**Activity**
Skip the pictures. Output only the lines below starting at the line with "A close-up overhead" and ending at the line with "Overhead view of", both ends included, exactly as they are.

**Extracted records**
________________
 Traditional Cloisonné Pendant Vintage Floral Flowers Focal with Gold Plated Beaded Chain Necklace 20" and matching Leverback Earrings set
________________
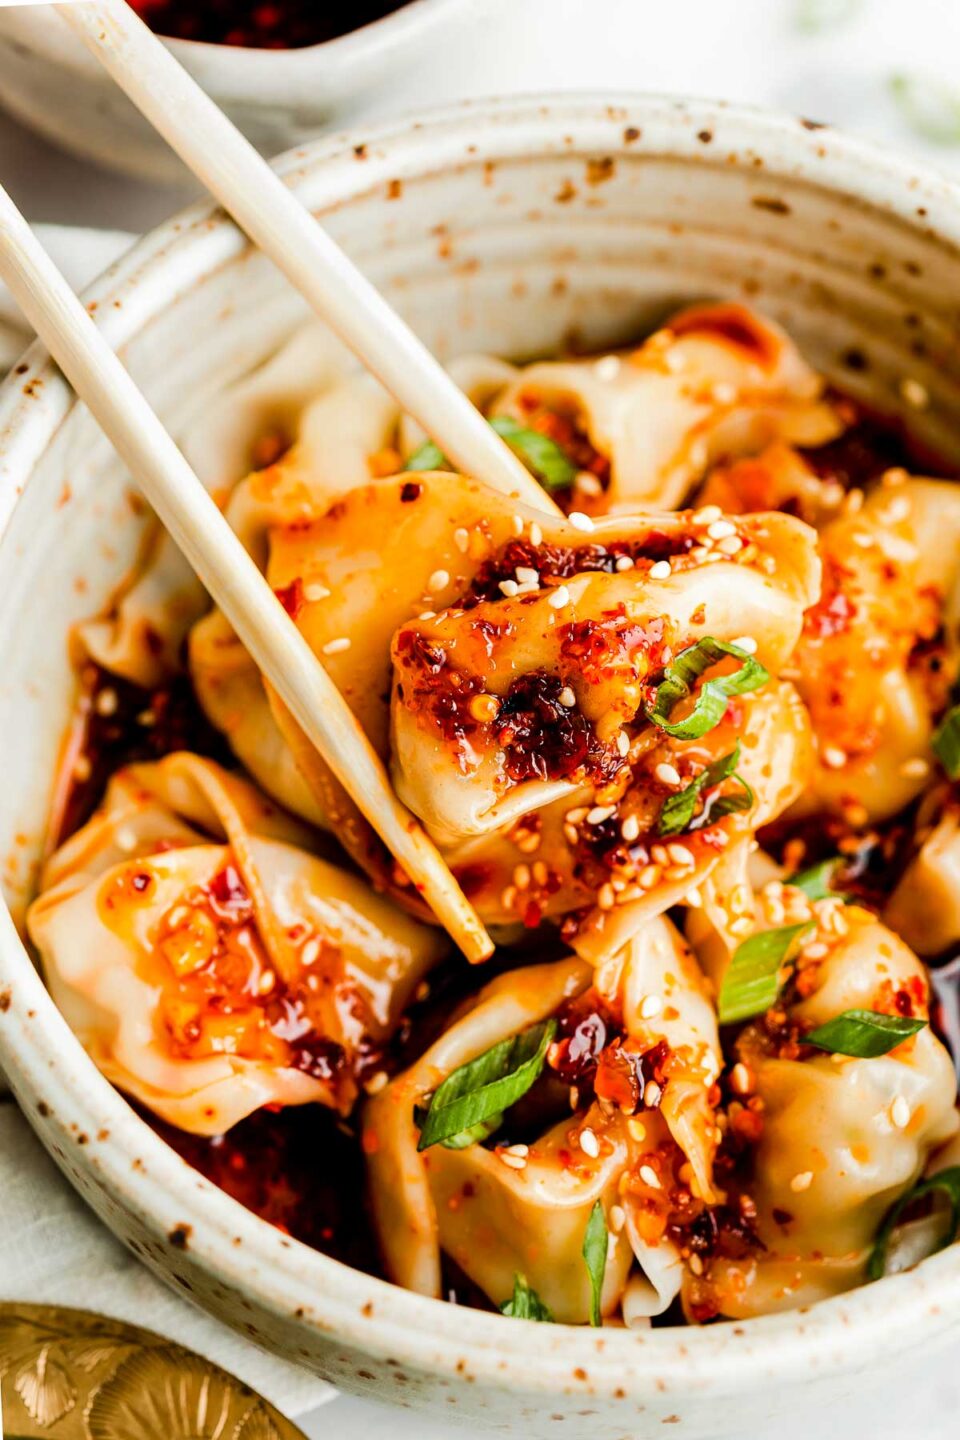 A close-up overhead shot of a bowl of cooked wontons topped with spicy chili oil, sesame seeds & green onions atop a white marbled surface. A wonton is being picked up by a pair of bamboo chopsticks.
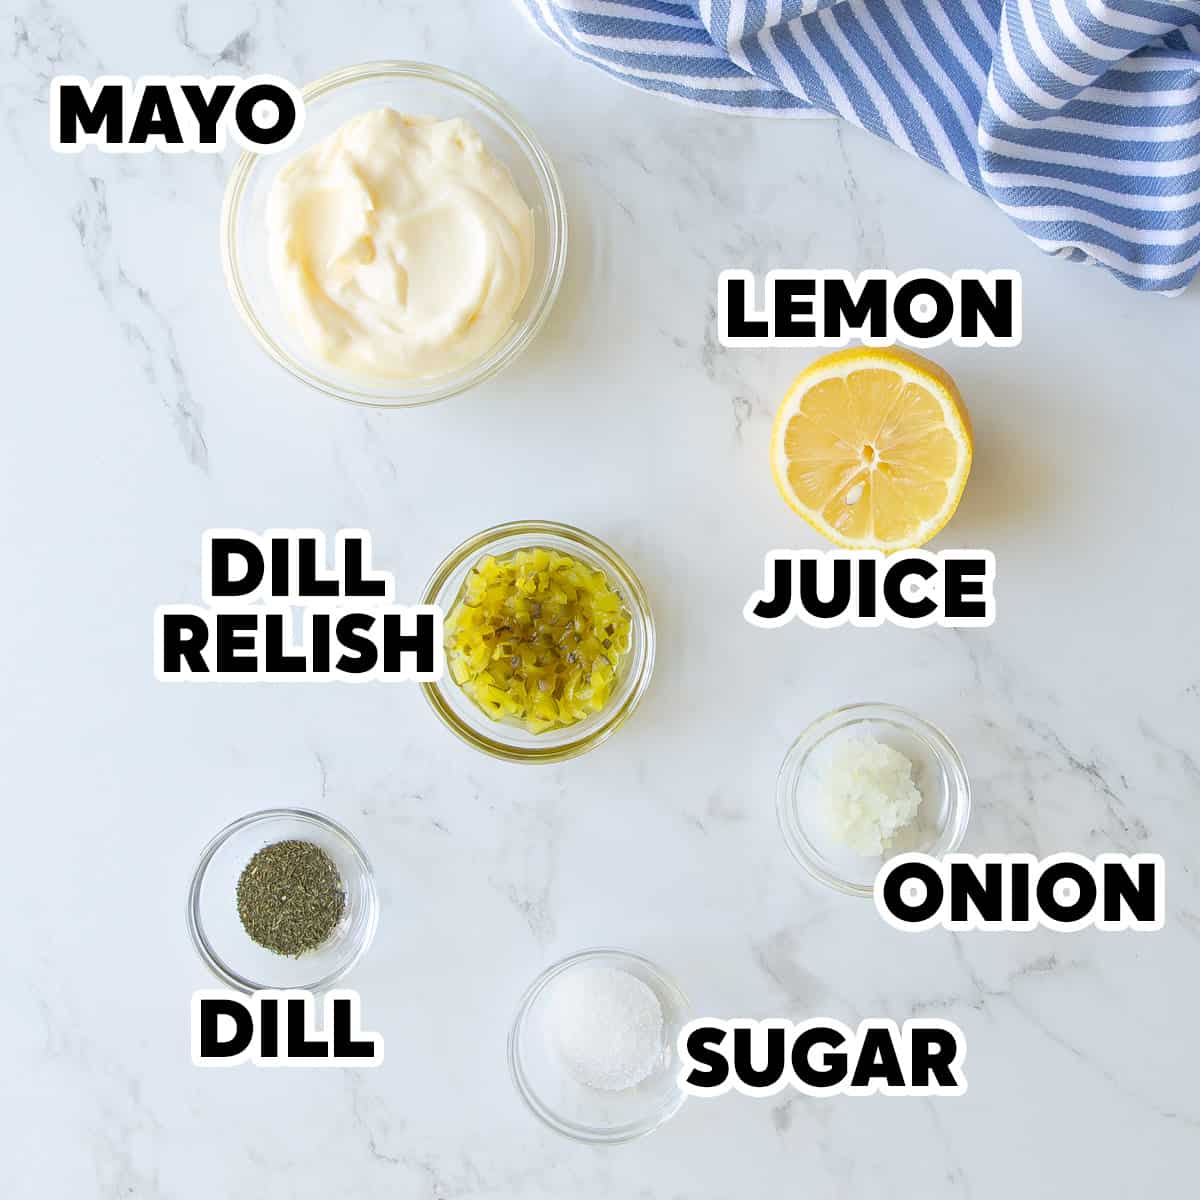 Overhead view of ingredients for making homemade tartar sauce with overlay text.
________________
**Task answer**
 A close-up overhead shot of a bowl of cooked wontons topped with spicy chili oil, sesame seeds & green onions atop a white marbled surface. A wonton is being picked up by a pair of bamboo chopsticks.
 Overhead view of ingredients for making homemade tartar sauce with overlay text.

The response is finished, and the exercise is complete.